A typical, or maybe not so depending on your individual needs/budget/etc, SharePoint 2010 environment has the potential to look like this. If yours does not, and almost certainly it does not 🙂 , I’m sure you can see similarities.
Viewing this in a compartmentalized fashion skewed towards where you can gain literal and alluded performance improvements you have roughly three major sections.
A: The database
B: The WFEs
C: The UI / General payload
I’m going to focus on the databases, what they are, and what they do. With knowledge comes power as they say.
So starting with the basics…
A normal installation of SQL drops a couple of databases on the disk.
Expect to see:
- MASTER: Records all system level information for a SQL Server instance. E.g. logins, configuration, and other databases.

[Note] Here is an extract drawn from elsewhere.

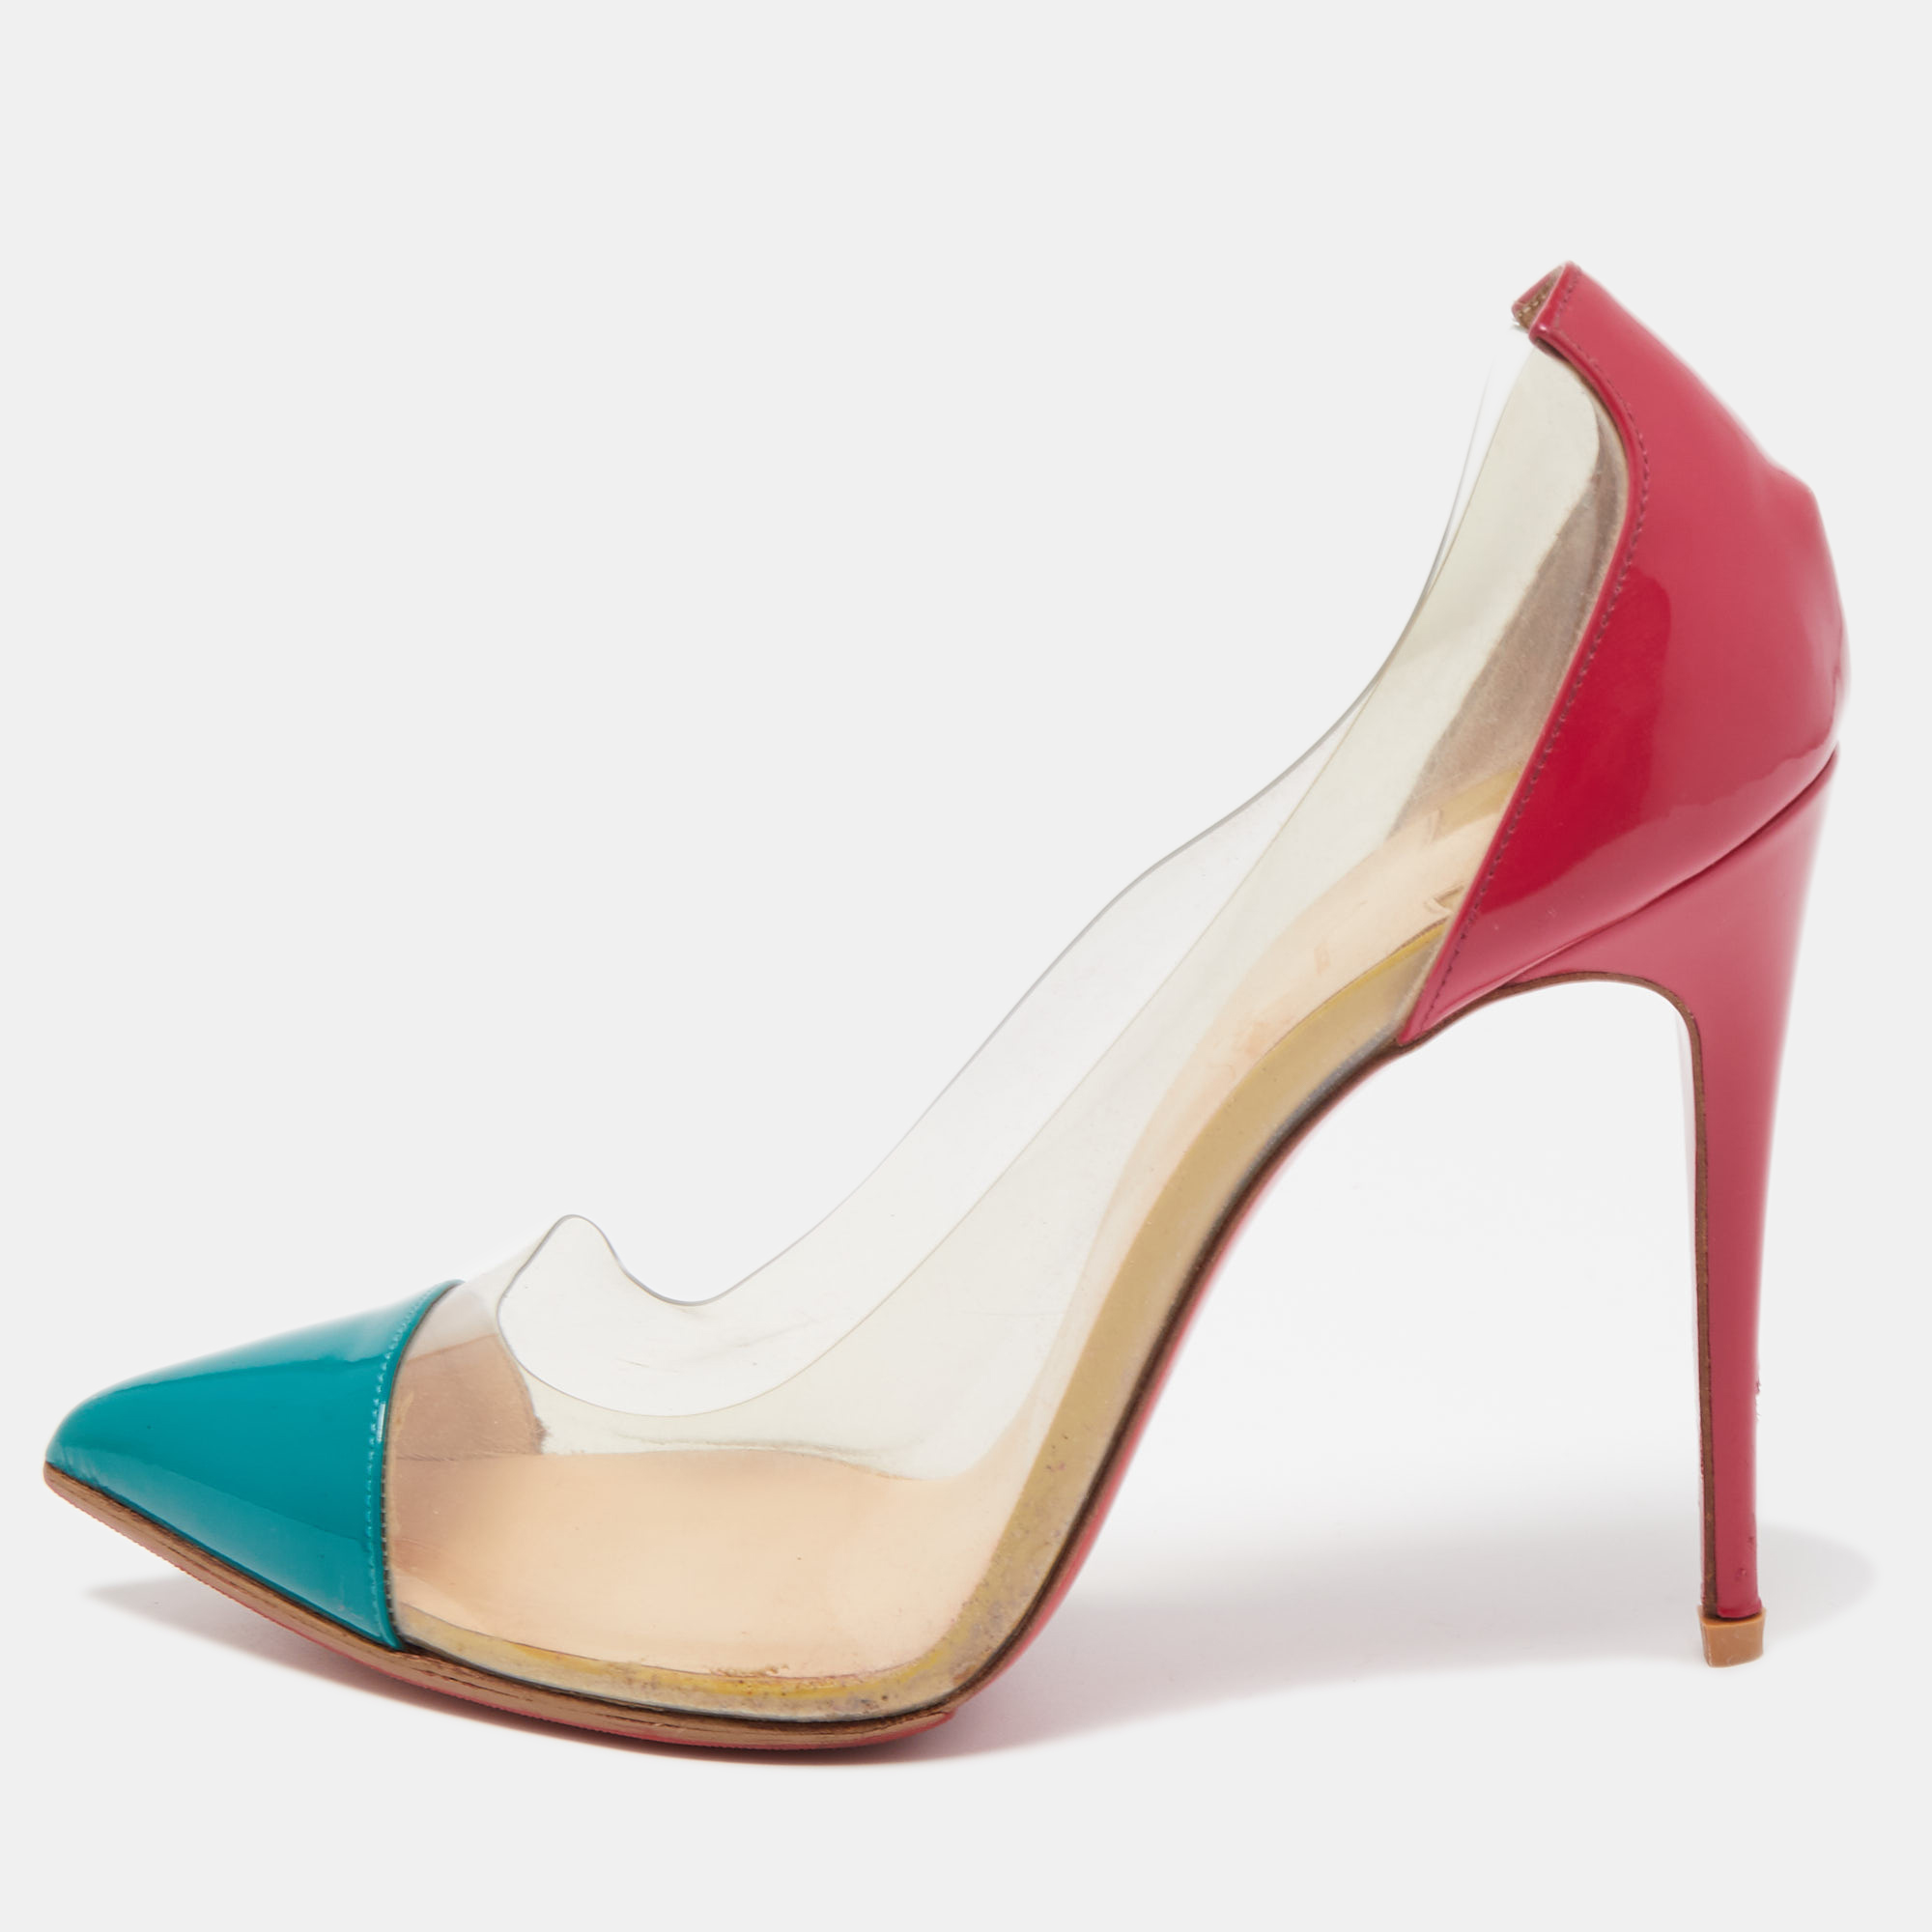 Pre-owned Christian Louboutin Multicolor Patent And Pvc Debout Pumps Size 38
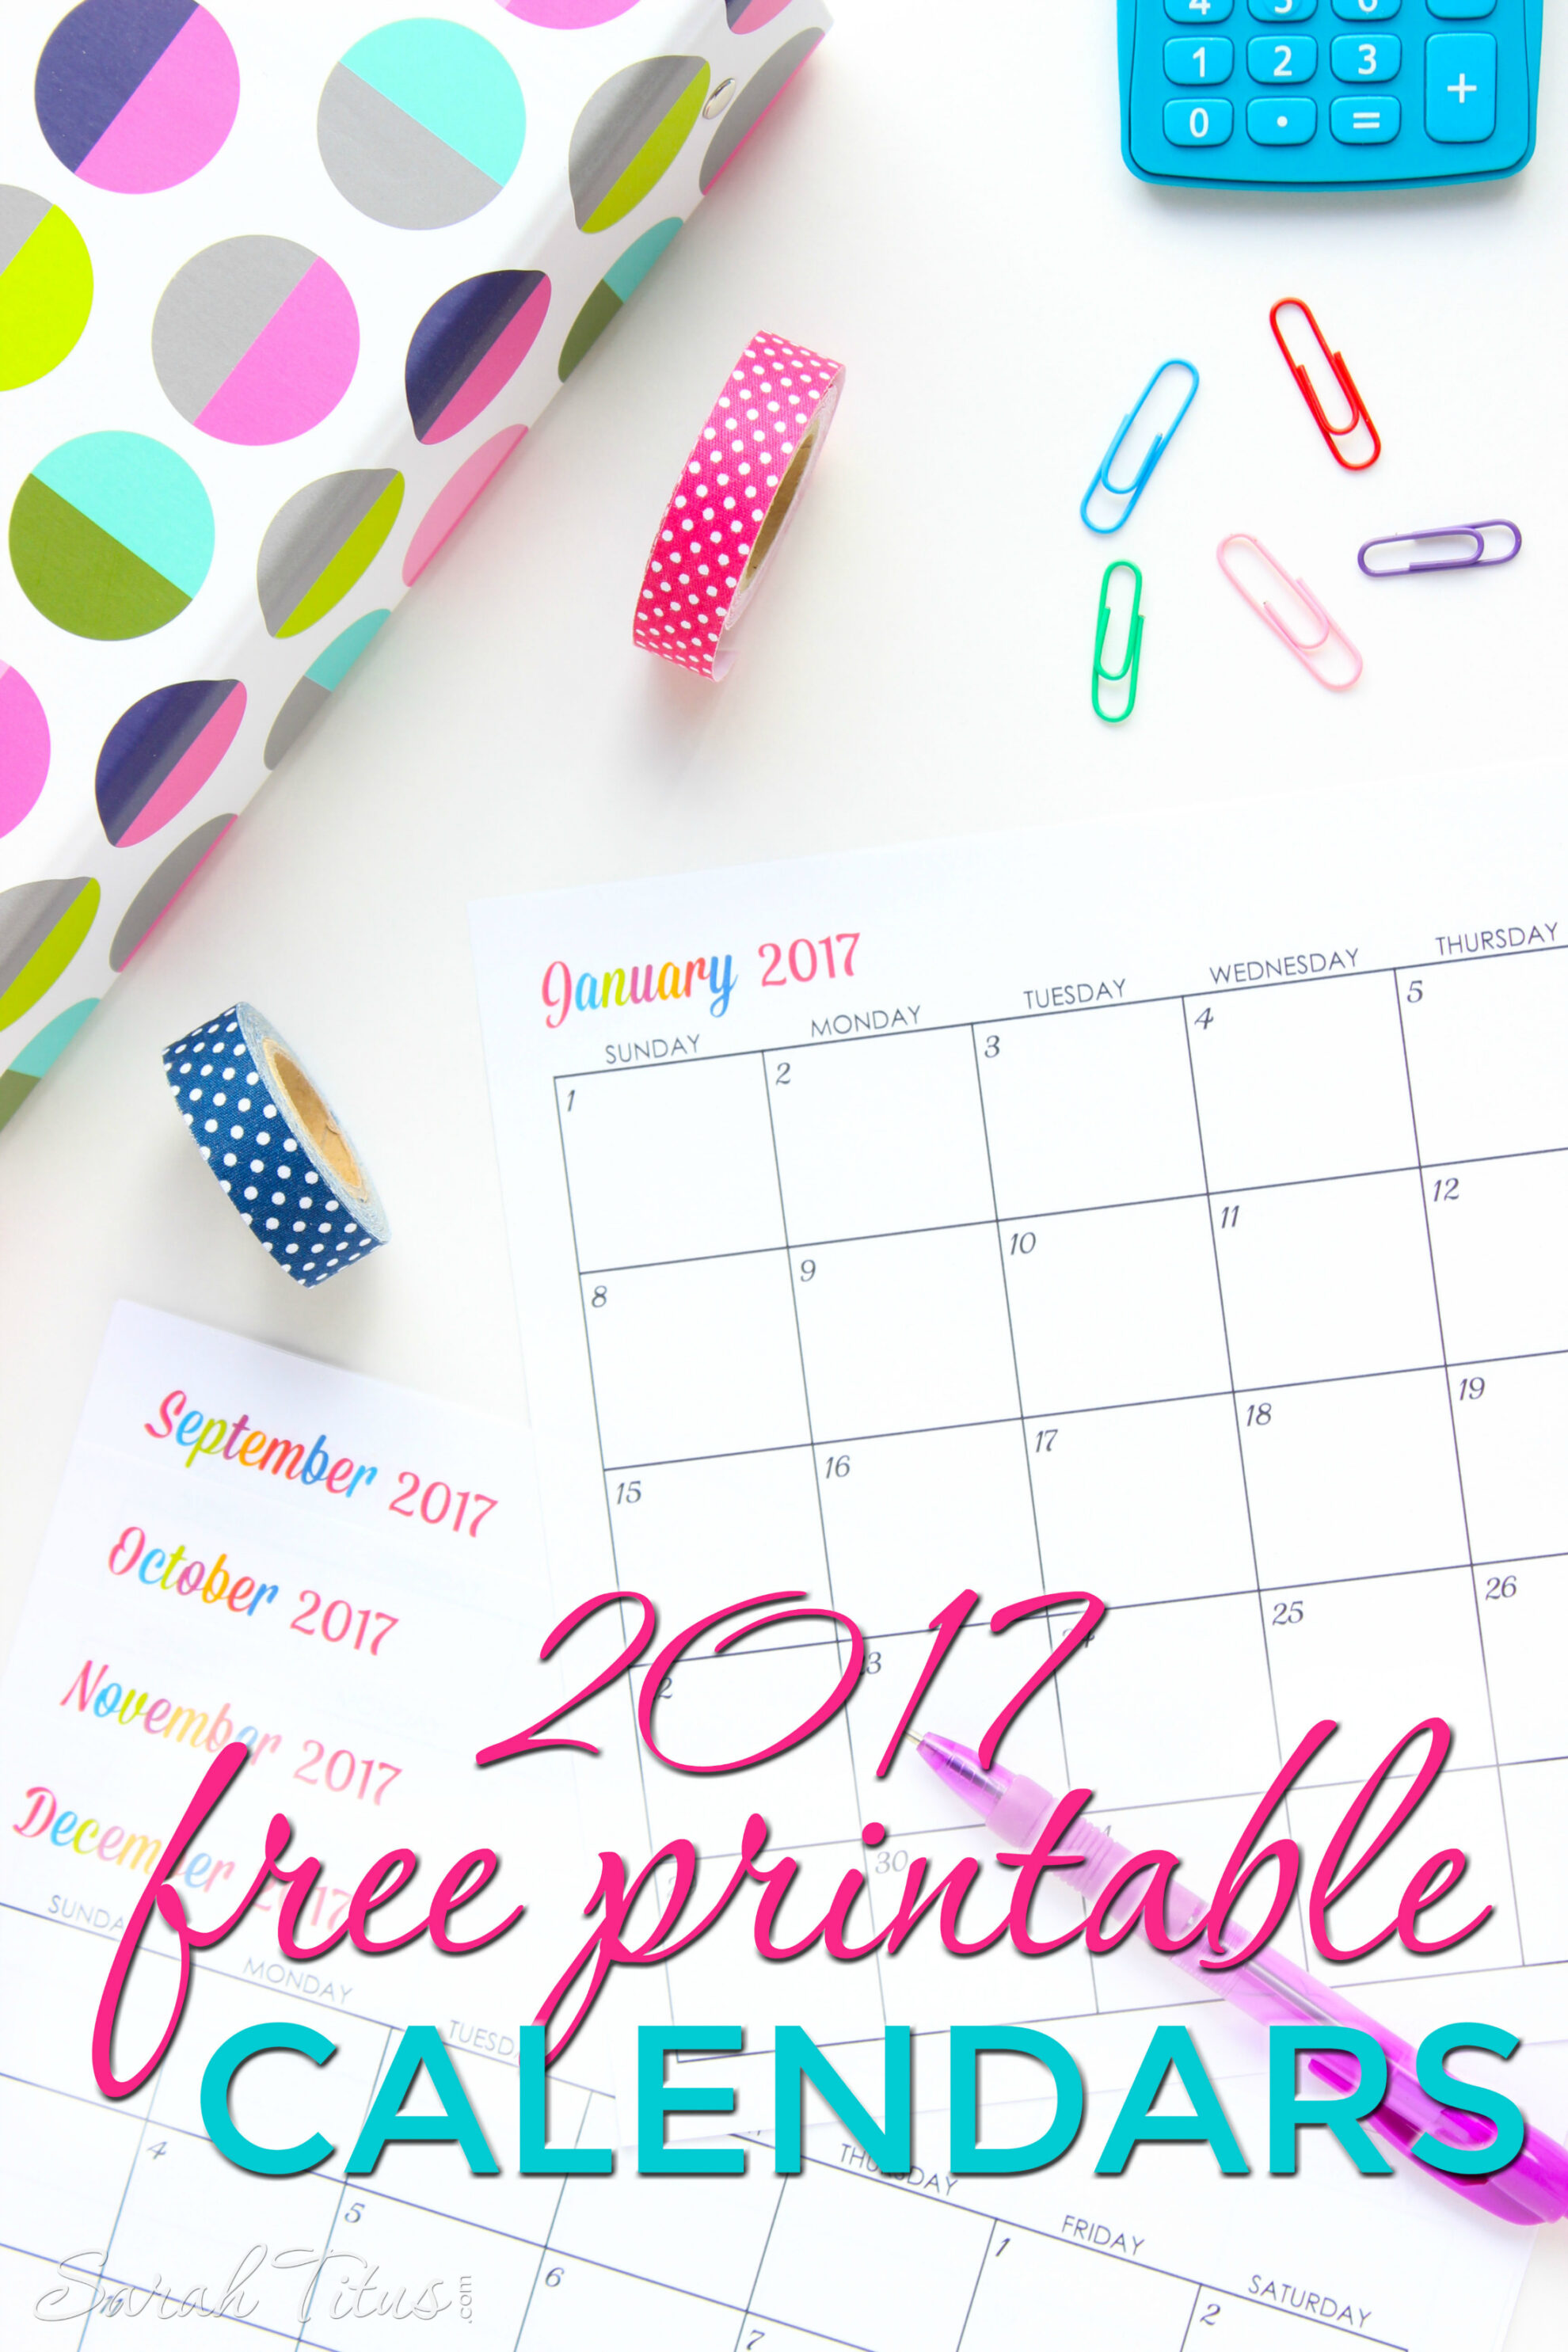 Free Printable 2017 Calendars - Completely editable online!!! Use them for menu planning, homeschooling, blogging, or just to organize your life.

- MSDB: Records operators and is used by SQL Server Agent to schedule jobs and alerts.
- MODEL: Is used as the template for all the databases created in the instance.
- TEMPDB: All temporary tables, temporary stored procedures, and anything else that is ‘temporary’ is stored here. Like a cache this is recreated every time the SQL Server instance is started.
- Of these four, only the last one TEMPDB really should be a candidate for its own spindle.
- Size wise, TEMPDB is the only one that you should expect any type of growth from.
- All four scale vertically, as in you can only allow them to grow in size rather than add in extra databases.
- ReportServer: This stores all the metadata for reports such as definitions, history, scheduling, and snapshots. When ReportServer is actually in use the report documents are stored in SharePoint Content databases.
- ReportServerTempDB: When reports are running temporary snapshots are found here.
- Both of these databases must coexist on the same database server.
- They have a heavy read load.
- The ReportServerTempDB can grow if there is heavy use of cached snapshots. Just like with the System databases, all four scale vertically, as in you can only allow them to grow in size rather than add in extra databases.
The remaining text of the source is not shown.